As far as anything else, I have never let the fact that I am a diabetic stop me from doing anything a “normal” person would do. Body piercing, eating all kinds of foods not diabetic related, just not pigeon holing myself into a stereo type. I had at one time used a pump but found it too cumbersome and problematic for me. Now if I go to the beach I can jump in the water without worrying about getting an infection at the infusion site (done that one already just not with water) or getting the infusion port ripped off and being left with no insulin until I get home (again been there done this). The pump is wonderful don’t get me wrong but it is not for everyone and I am that everyone.
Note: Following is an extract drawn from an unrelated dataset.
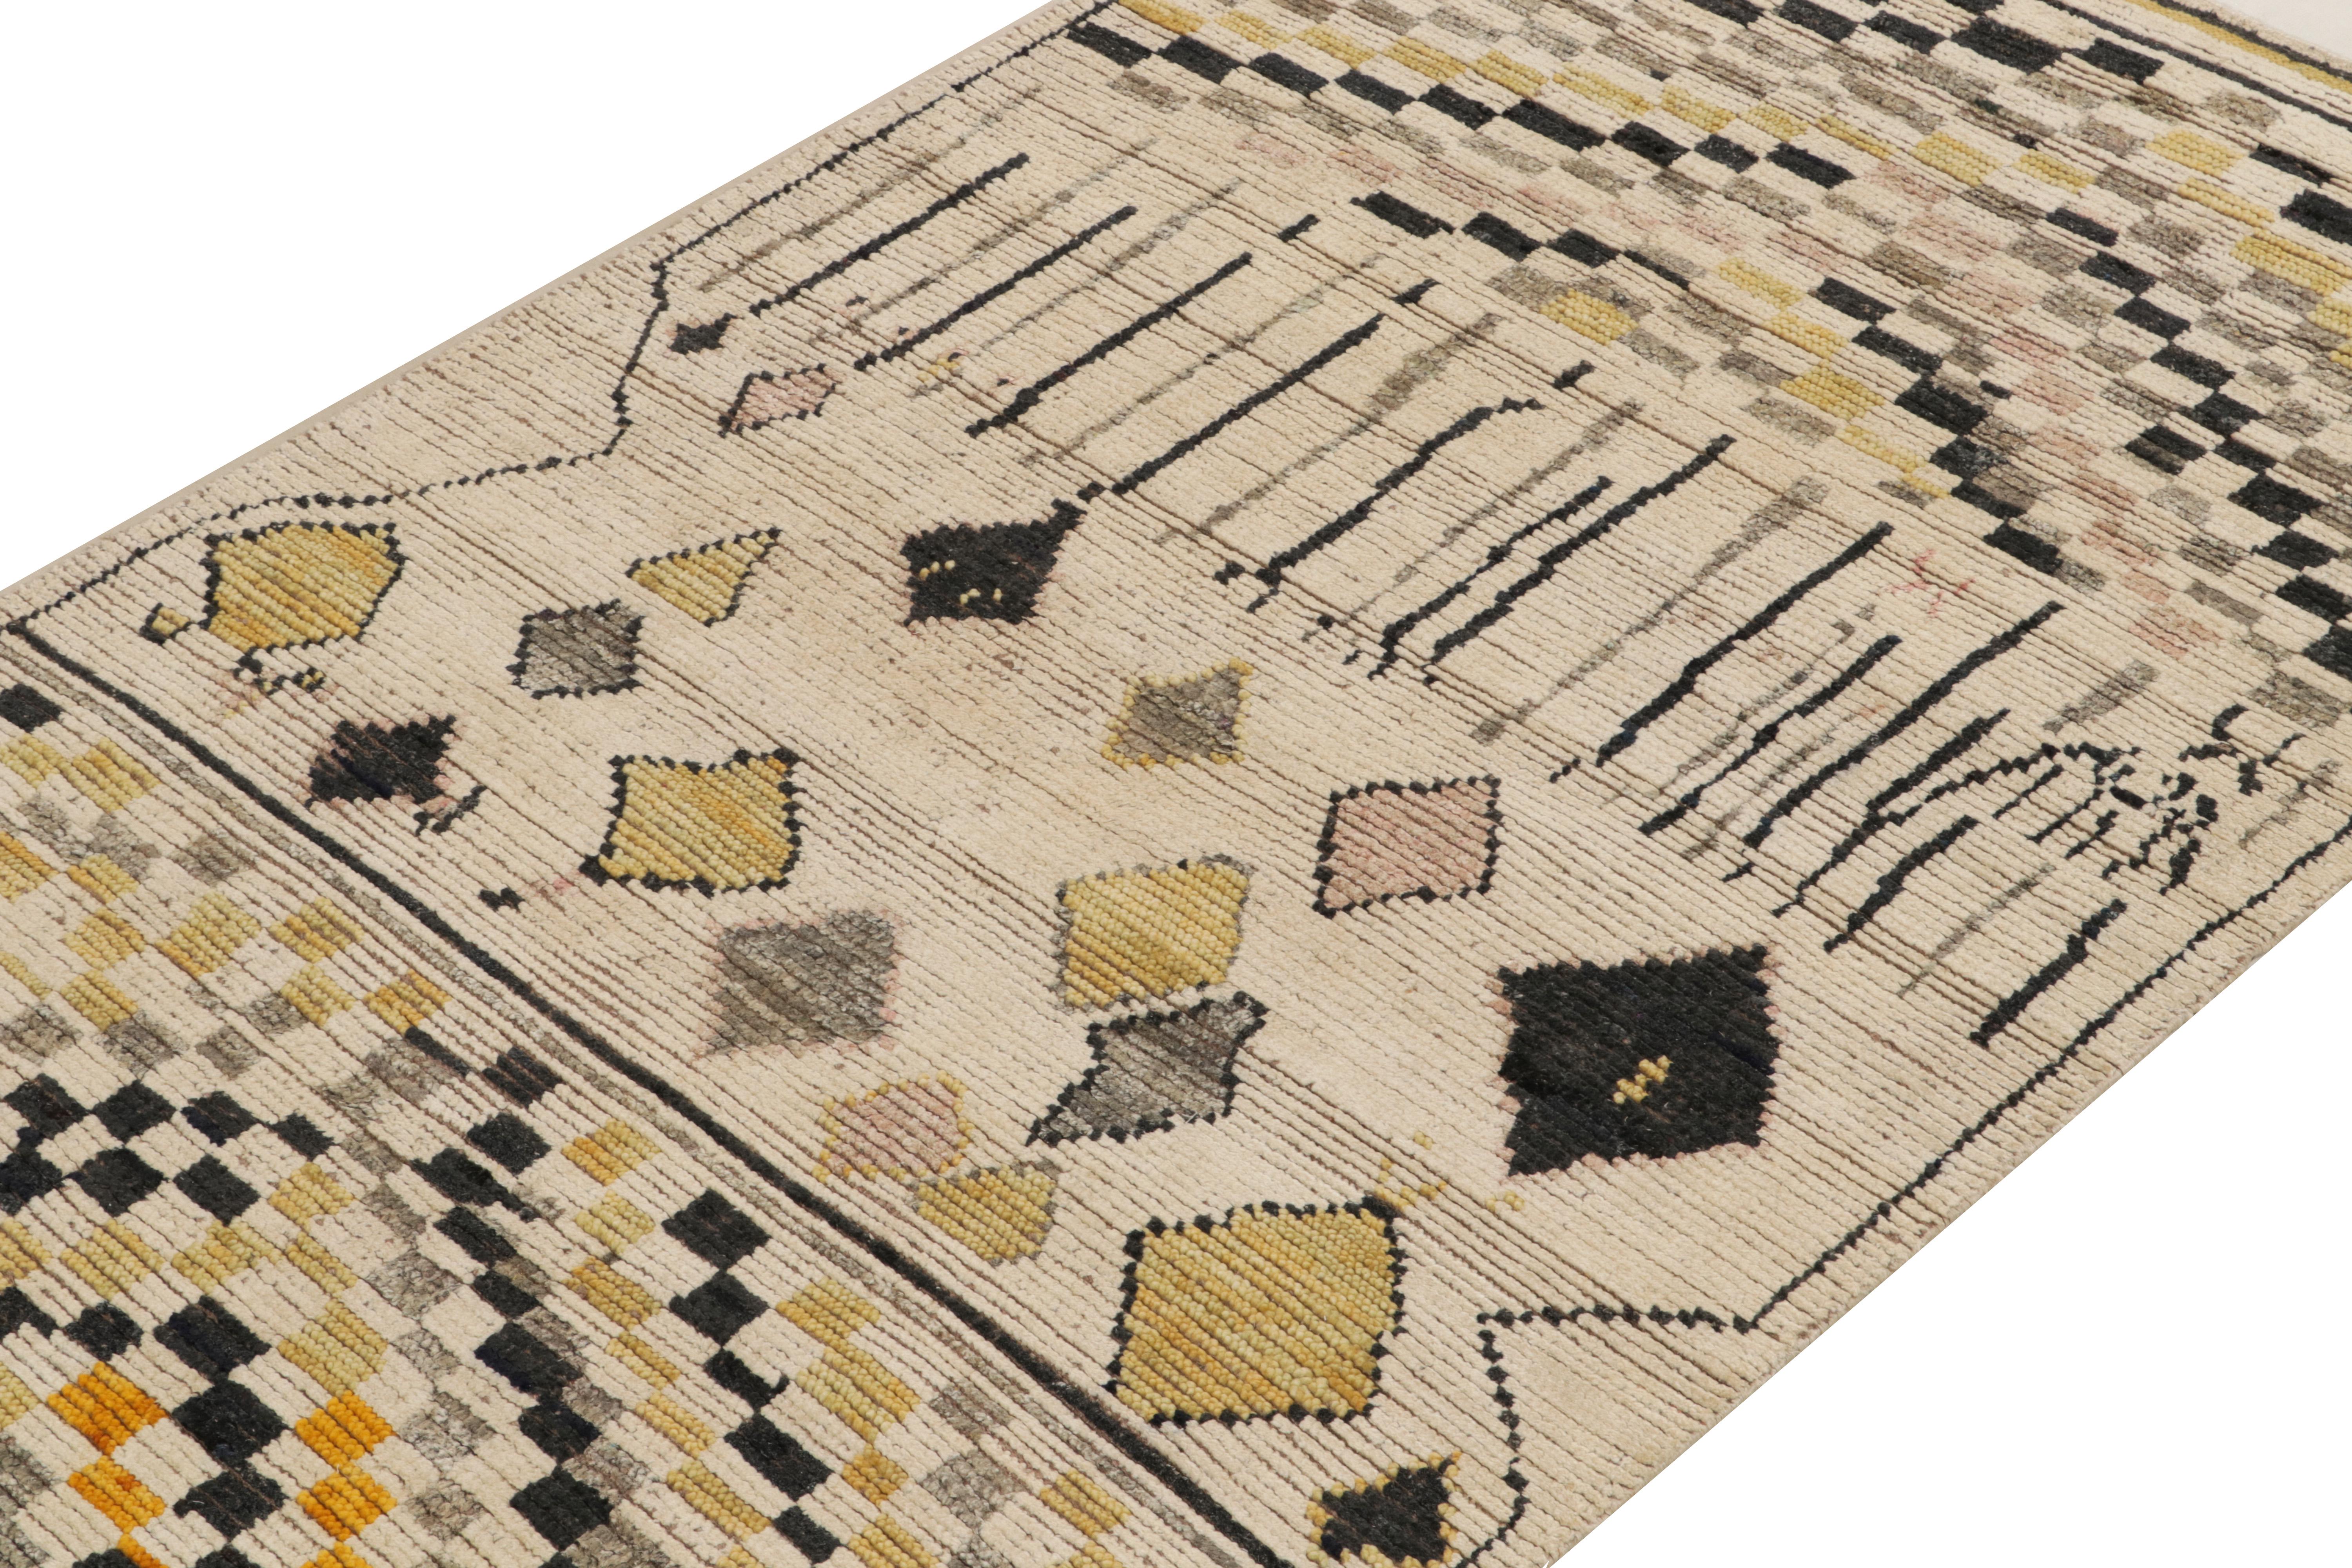 Indian Rug & Kilim's Moroccan Style Rug in White, Gold, Black Geometric Pattern For Sale

Prone to infections? Well my doctor will give you quick and hearty “YES!” I am not so quick in my answer. If he only knew how many times I have been opened up and who knows what germs have gotten in there with no complications. I do have to say on the other hand I know why he is so, ahhhhhhh, judgmental here. I have almost died from two massive systemic infections. One he told me years later he had not expected to see me again after sending me straight to the hospital. Remember that piercing I was talking about. Yeah, it did not go well the first time around. I love the TV show NCIS: New Orleans with Agent King’s famous words “Go learn things.” Whenever I have made a mistake, I learn from it. I found later I had been using the wrong soap. Antibacterial hand soap is not good enough. You need to use surgical soap. So I did it again months later after the original hole has healed and this one was a success. The other infection was after getting bit at work. No not the neighbors dog, a human bite. One of the most infectious bites you can get. It ranks right up there with a Kamodo Dragon bite. I was bit on the forearm Saturday afternoon and ended up in the hospital Monday night after work. I was not going to leave them short handed. Fever and all I stuck it out. I saw the redness in a maybe 4 inch circle around the bite and was very surprised and little scared as the doctor drew a marker line up just a few inches from my shoulder. Holy infections Batman! It took some really good antibiotics (two of them) to get rid of this one. The one wasn’t so bad the other one made it feel like I ants UNDER the skin all over my upper body. Well two days later I was released back again onto my employer, poor people.
These are about all I can think of for complications or usual diabetic complications. After reading about other who have had a much worse time with more and more devastating issues, folks my hat is off to you.